The ongoing downturn in cryptocurrency markets is giving global regulators “more time” to identify the weaknesses and work that needs to be done, says Jerome Powell, Chair of the U.S. Federal Reserve.
“Crypto winter did not have a significant effect on the broader banking system and financial stability,” Powell said while addressing global financial leaders and crypto regulation experts in a conference focused on central banks and digital currencies held in Paris.
The overlap between traditional finance and banking systems and decentralized finance (DeFi) is limited, which Powell argued is good news for regulators.
“This demonstrates the weaknesses and work that needs to be done,” Powell said, referring to the “significant” structural and transparency issues in DeFi. “Crypto winter gives us a little bit of time. That situation will not persist indefinitely.”
There are several pressure points that need more work, according to Powell, regarding novelties like the need to regulate unhosted wallets or algorithms.

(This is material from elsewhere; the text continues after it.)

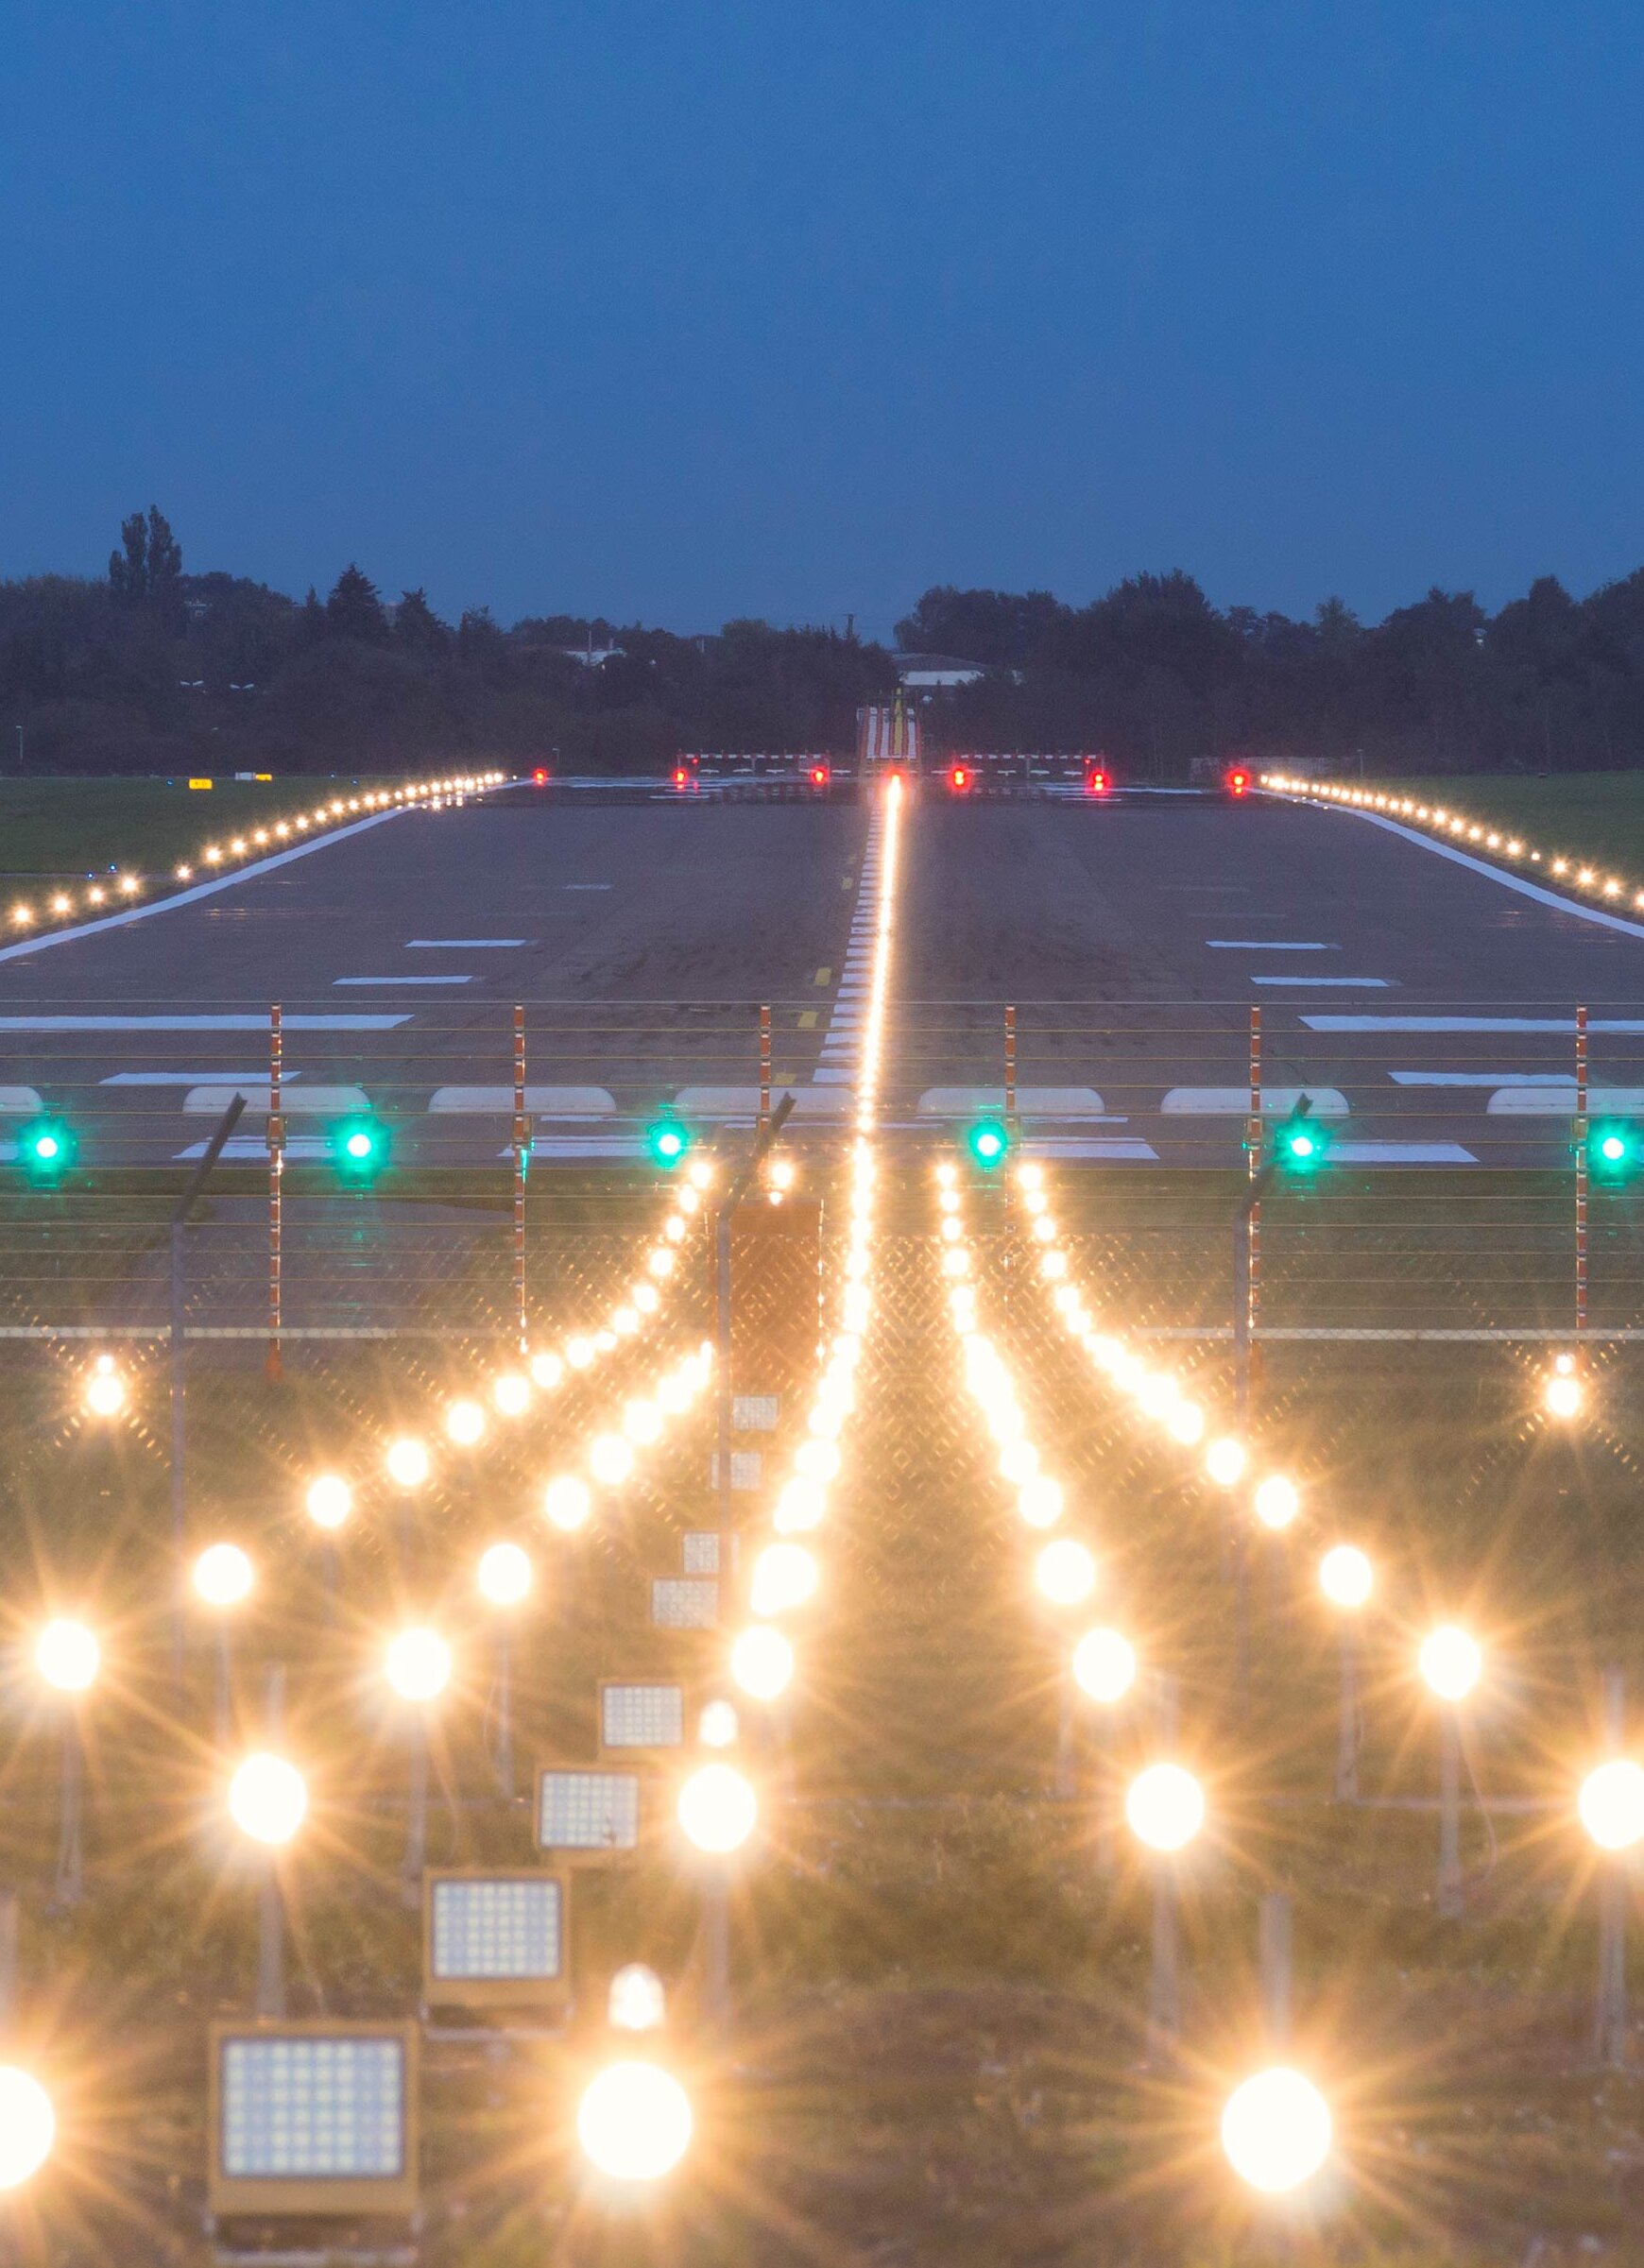 Illuminated airport runway

As DeFi attracts more retail investors, Powell reiterated the need for “appropriate” regulation to be put in place.
Powell previously called for legislation to “appropriately” regulate stablecoins. While lawmakers in the U.S. were unsuccessful in adopting legislation on stablecoins this summer, a more stringent piece of legislation has begun taking shape. The bill, however, will not include a central bank digital currency (CBDC) issuance.
During his remarks, Powell said the U.S. decided “not to proceed” with the issuance of a central bank digital currency, thereby giving policymakers a few more years to evaluate policy issues and technology issues as well as increase public confidence. Such work would involve different branches of the U.S. government as well.